*** Data below ***

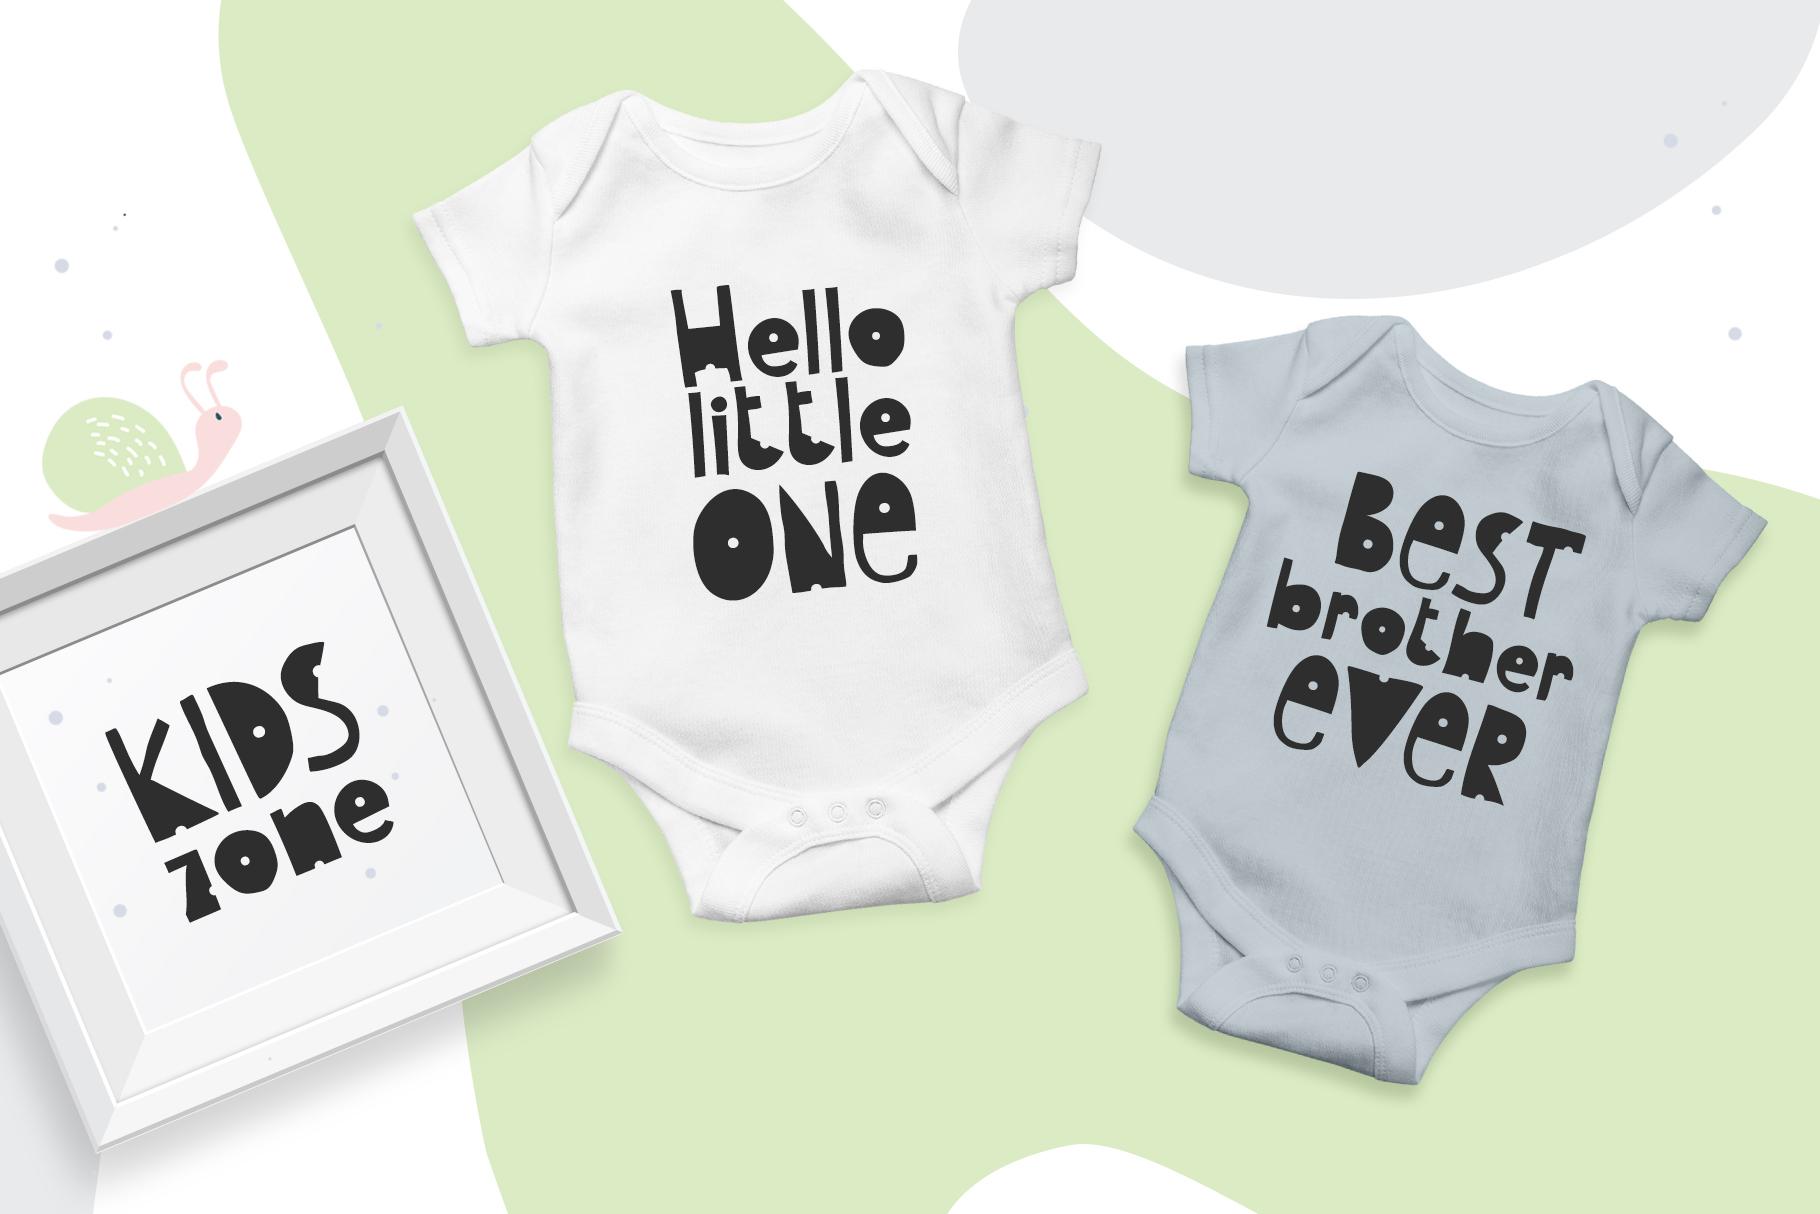 Kids Handwriting Font 2021: Hello Baby Childish Font - title06 2
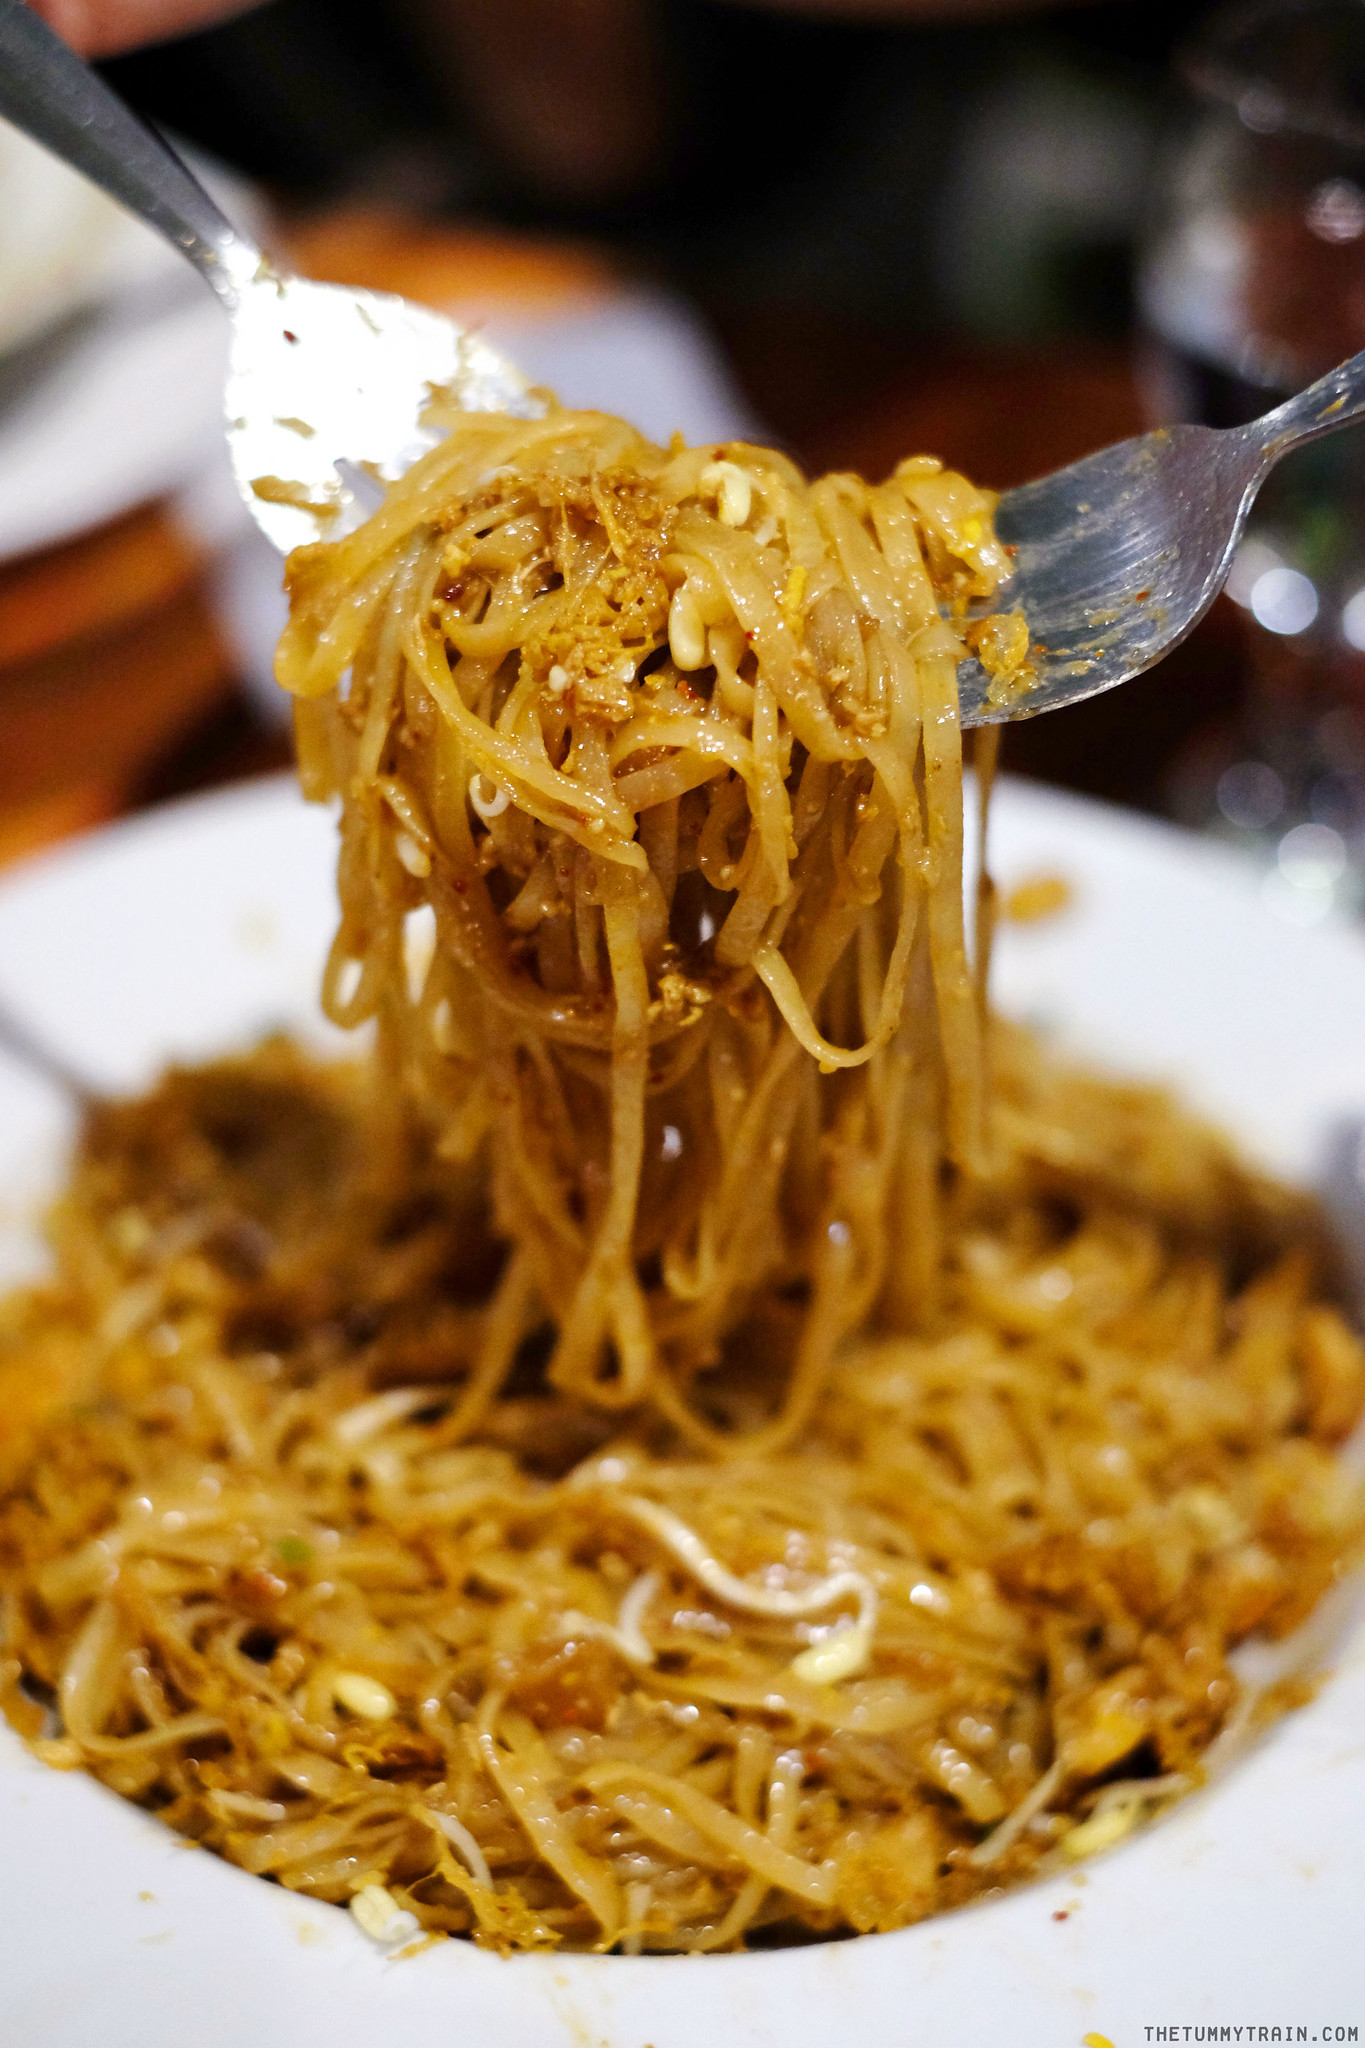 33701592562 d343d431c7 k - Lime & Basil Thai Restaurant Tagaytay makes case as a go-to Thai place
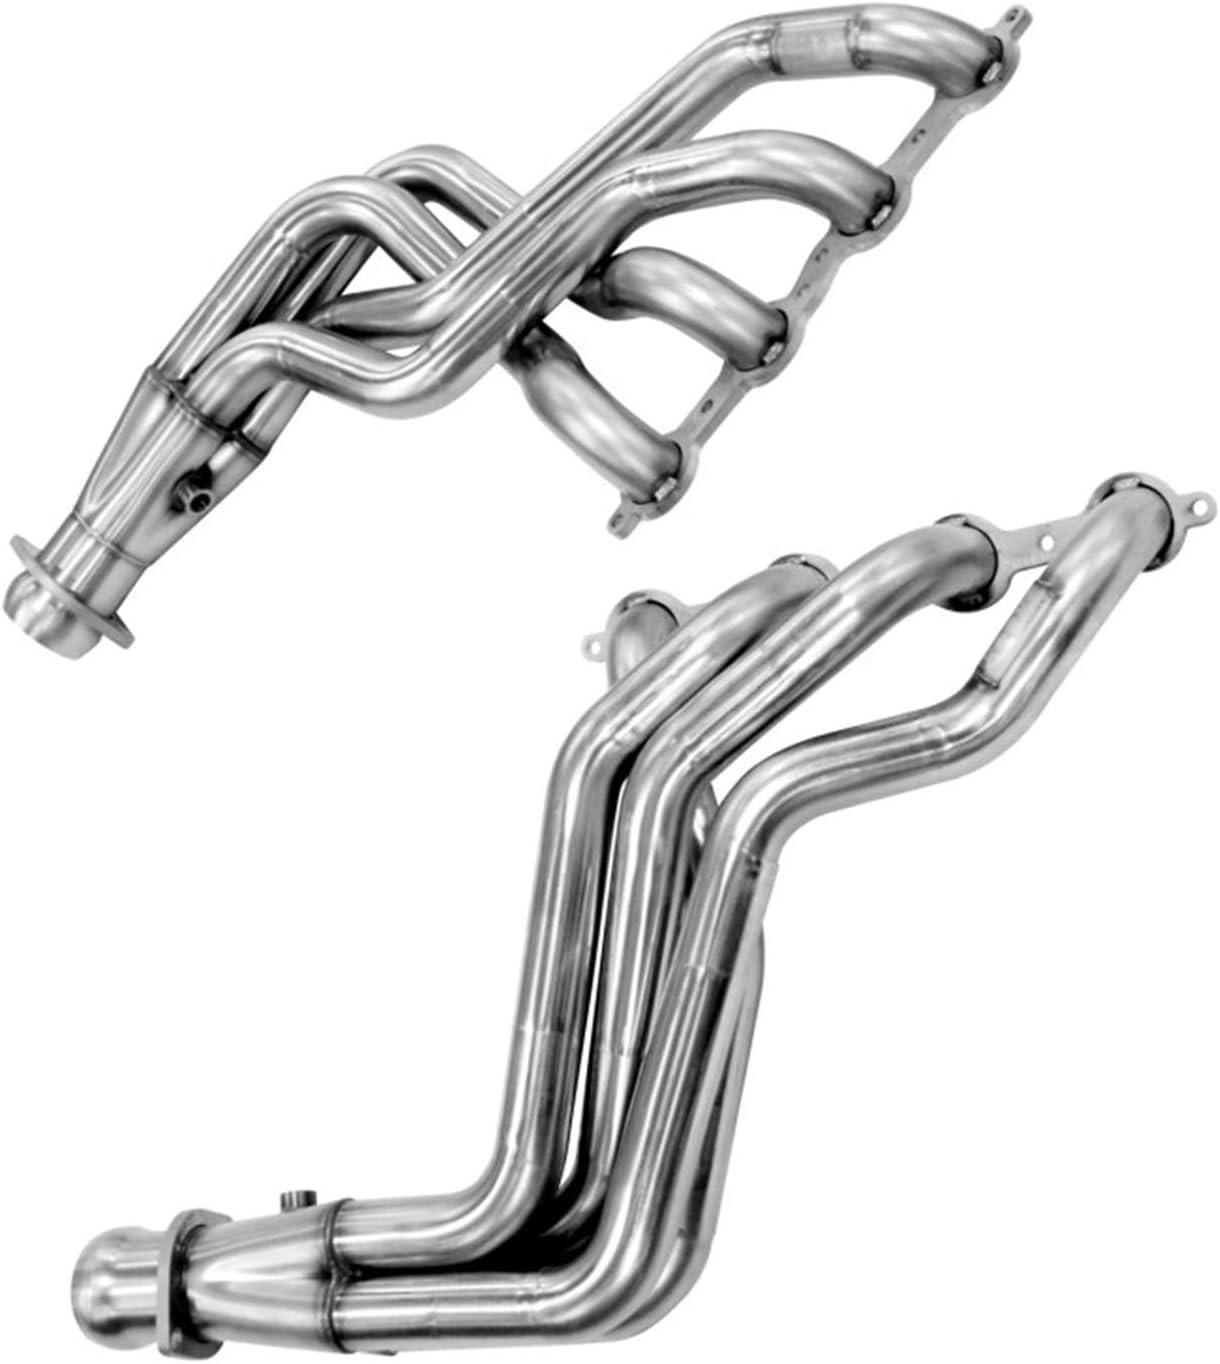 Kooks 06-13 Chevy Corvette C6 ZO6//ZR1 LS9//LS7 6.2L//7.0L 1 7//8in x 3in Headers

***

## Task goal:
Please give again only those lines that run from the one containing "33701592562 d343d431c7 k" through the final line of the listing, both included, exactly as written and without pictures.

## Exercise solution:
 33701592562 d343d431c7 k - Lime & Basil Thai Restaurant Tagaytay makes case as a go-to Thai place
 Kooks 06-13 Chevy Corvette C6 ZO6//ZR1 LS9//LS7 6.2L//7.0L 1 7//8in x 3in Headers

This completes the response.